In 2011's Shark Night 3D the sharks are transplanted into a saltwater lake by rednecks who like to feed them vacationers and film the carnage (the Saw and Hostel series were on their last legs, but this may have been an attempt to cash in on a leftover hunger for torture-porn). Then last year, The Shallows amped up the tension with a Cast Away-style set-up, with Blake Lively carrying most of the film while marooned on a reef, hoping to get back on land, while vulnerable to the elements and a hungry, circling great white.

Advertisement

That ticking clock and sense of hopelessness is even more pronounced in 47 Meters Down. As a premise, it's a gamble. The tension is pretty one-note. Can the sisters swim back up without being eaten before their oxygen runs out? Their options are limited to getting from A to B or giving up and suffocating. This brings up the question, how much more can we raise the stakes in shark movies?

To get some insight, VICE turned to Anthony C. Ferrante, who directed the mother of all envelope-pushing shark movies: Sharknado. Sharknado, in case you've been without internet access for the last decade , is just what it sounds like, increasing the threat of sharks by combining them with a tornado (or rather placing them in a tornado). It comes from Asylum, the production house also responsible for 2-Headed Shark Attack and its follow-ups 3-Headed Shark Attack and the upcoming 5-Headed Shark Attack (No, there isn't one missing. That's the whole series).

Ian Ziering and Vivica A. Fox in Sharknado 2: The Second One (2014).

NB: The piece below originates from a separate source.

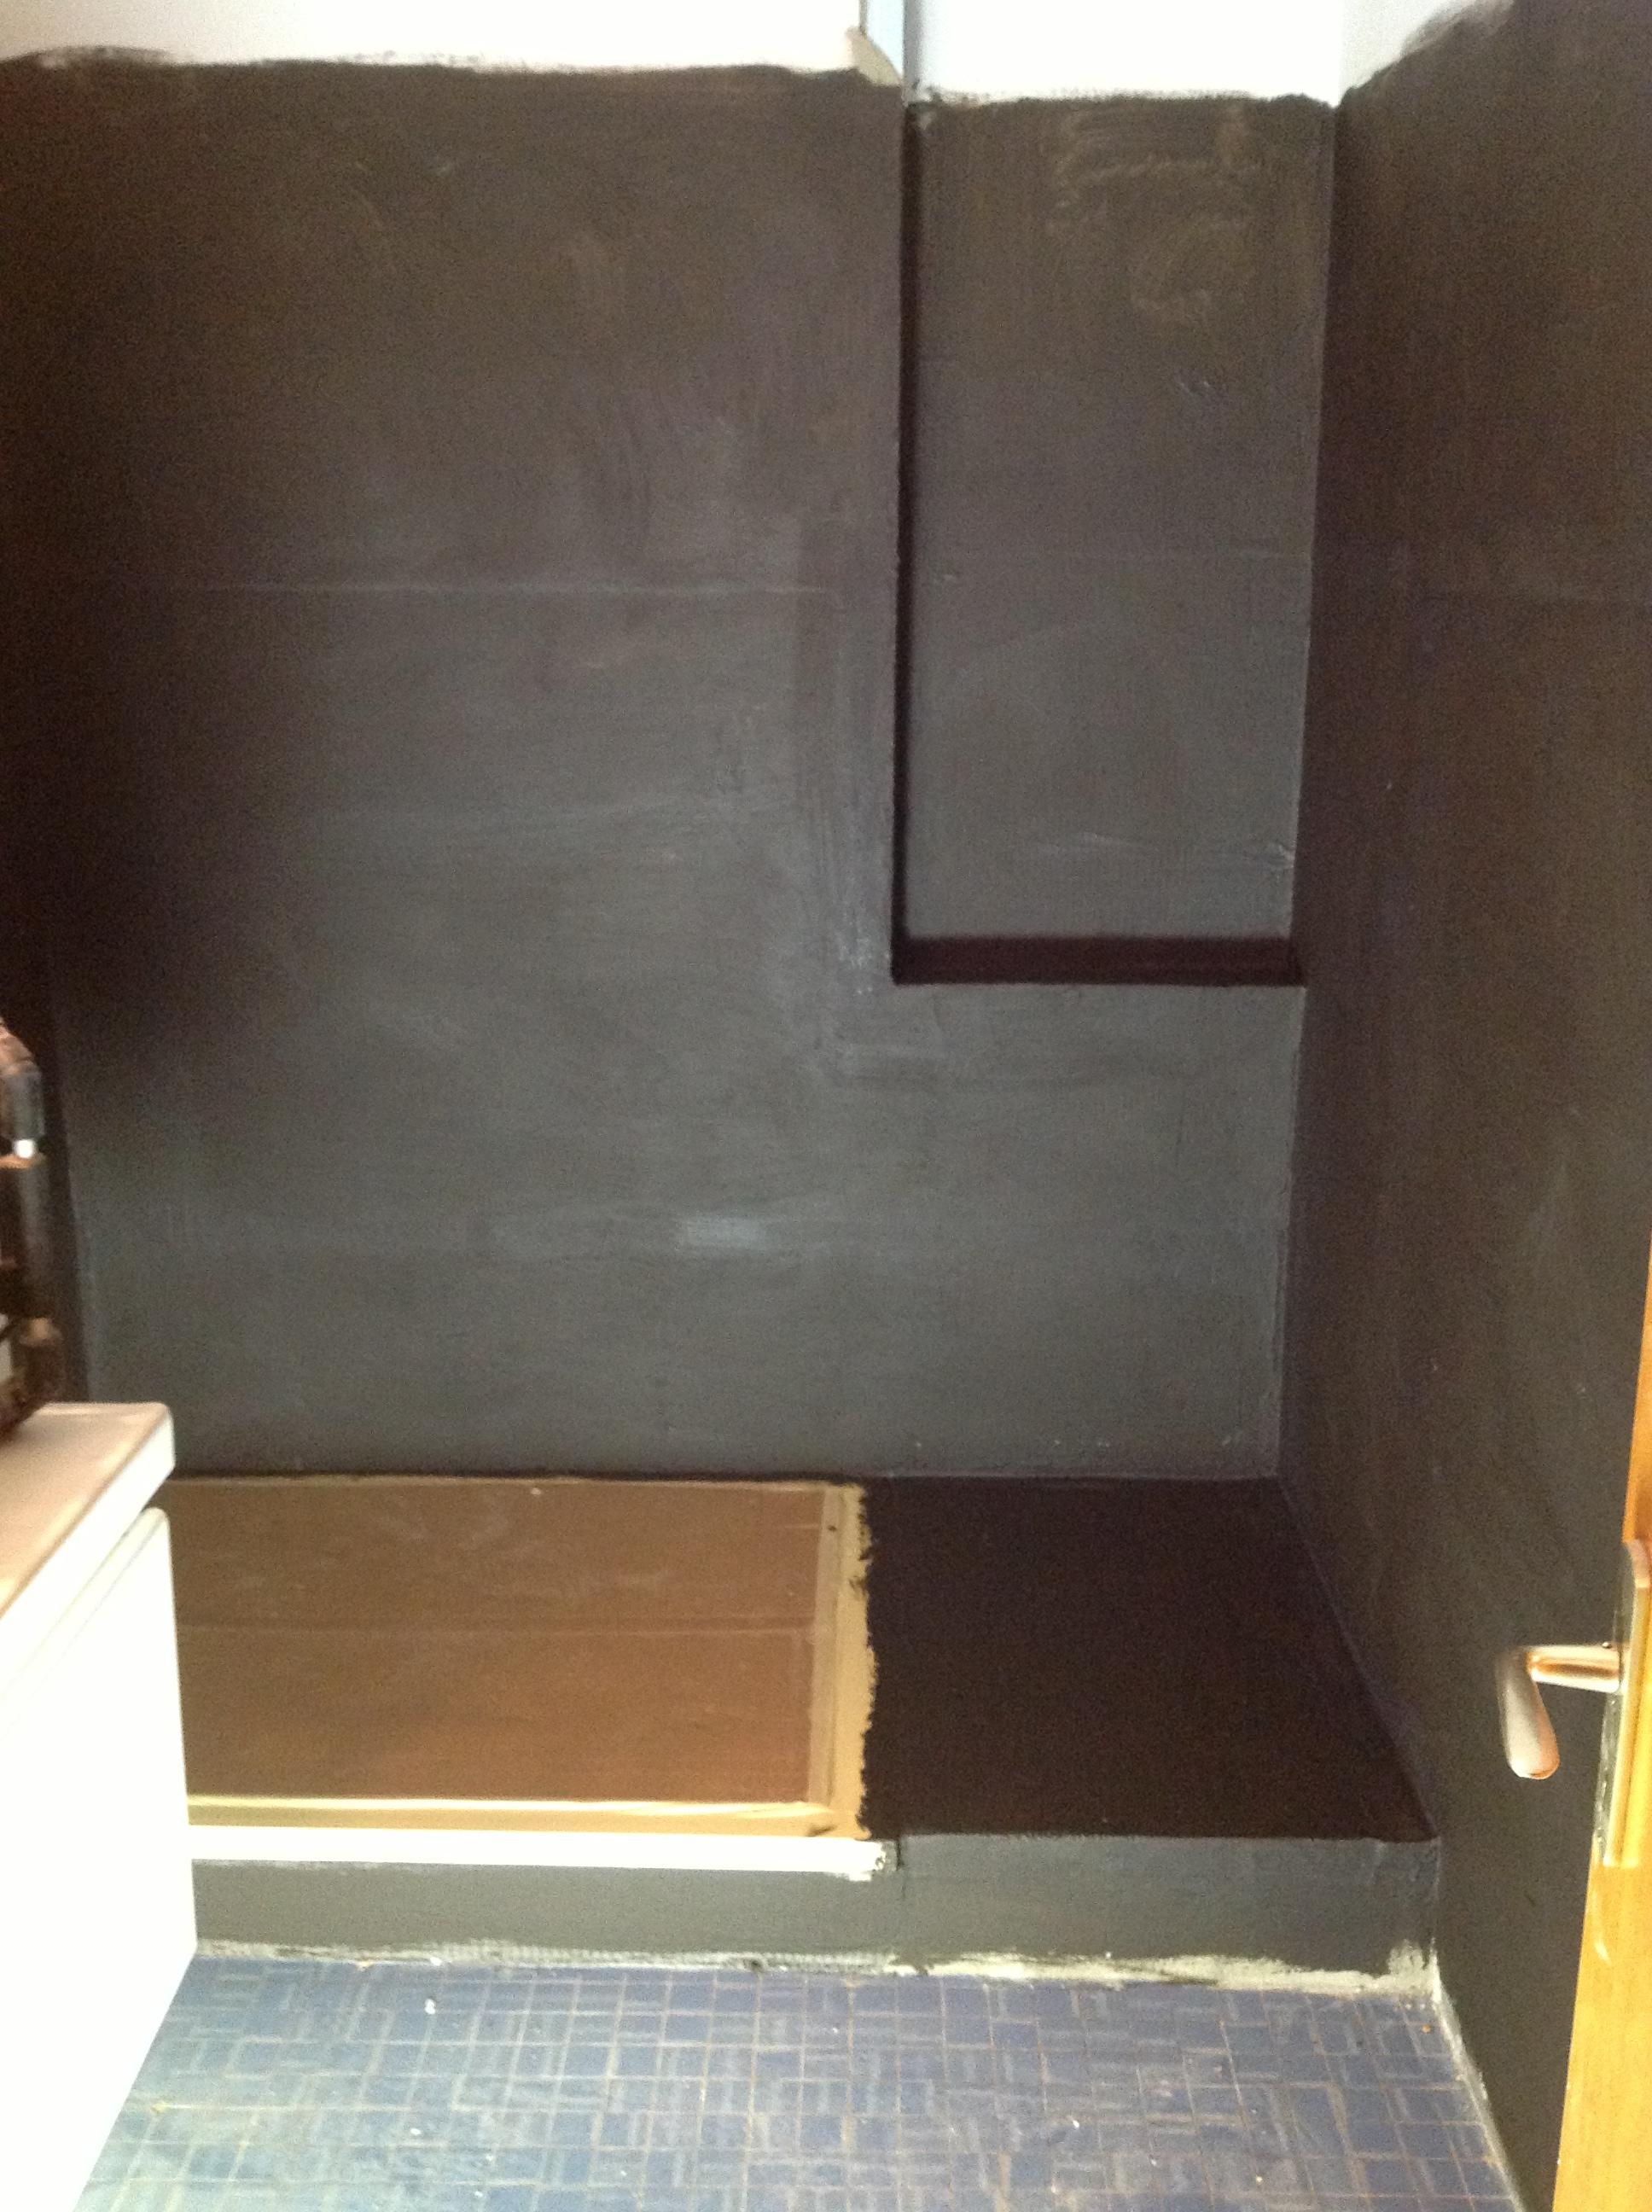 Etancheite sous carrelage salle de bain etancheite sous for Etancheite sous carrelage

Ferrante is currently finishing up directing duties on Sharknado 5: Global Swarming and has directed every entry in the Syfy channel film series. Just as every new shark movie has to find new territory to explore, there's pressure to keep each Sharknado feeling fresh.

"We're a little different in the sense that it's not Jaws, it's not 47 Meters Down, because they're treating it a little more seriously, and we have to up the ante in a completely different way," Ferrante says. It's the goofiness of the premise that draws people in, so rather than keeping sharks scary, Ferrante had to aim for something else when preparing the first sequel. "We took the absurdity to the next level with the second one."

Advertisement

Sharknado does have something in common with more conventional shark movies, and genre movies in general, and that's the need to innovate. When you're working from a formula, it's the delicate combination of the familiar and the new that makes or breaks your movie. "We look at each movie as a different genre, which is what I think we do to make these different," says Ferrante, who describes Sharknado 3 as " White House Down with sharks" and Sharknado 4 as a superhero movie. Deep Blue Sea similarly added science fictionally enhanced sharks to build on the more reality-based blueprint of Jaws, the shark-film prototype and gold standard.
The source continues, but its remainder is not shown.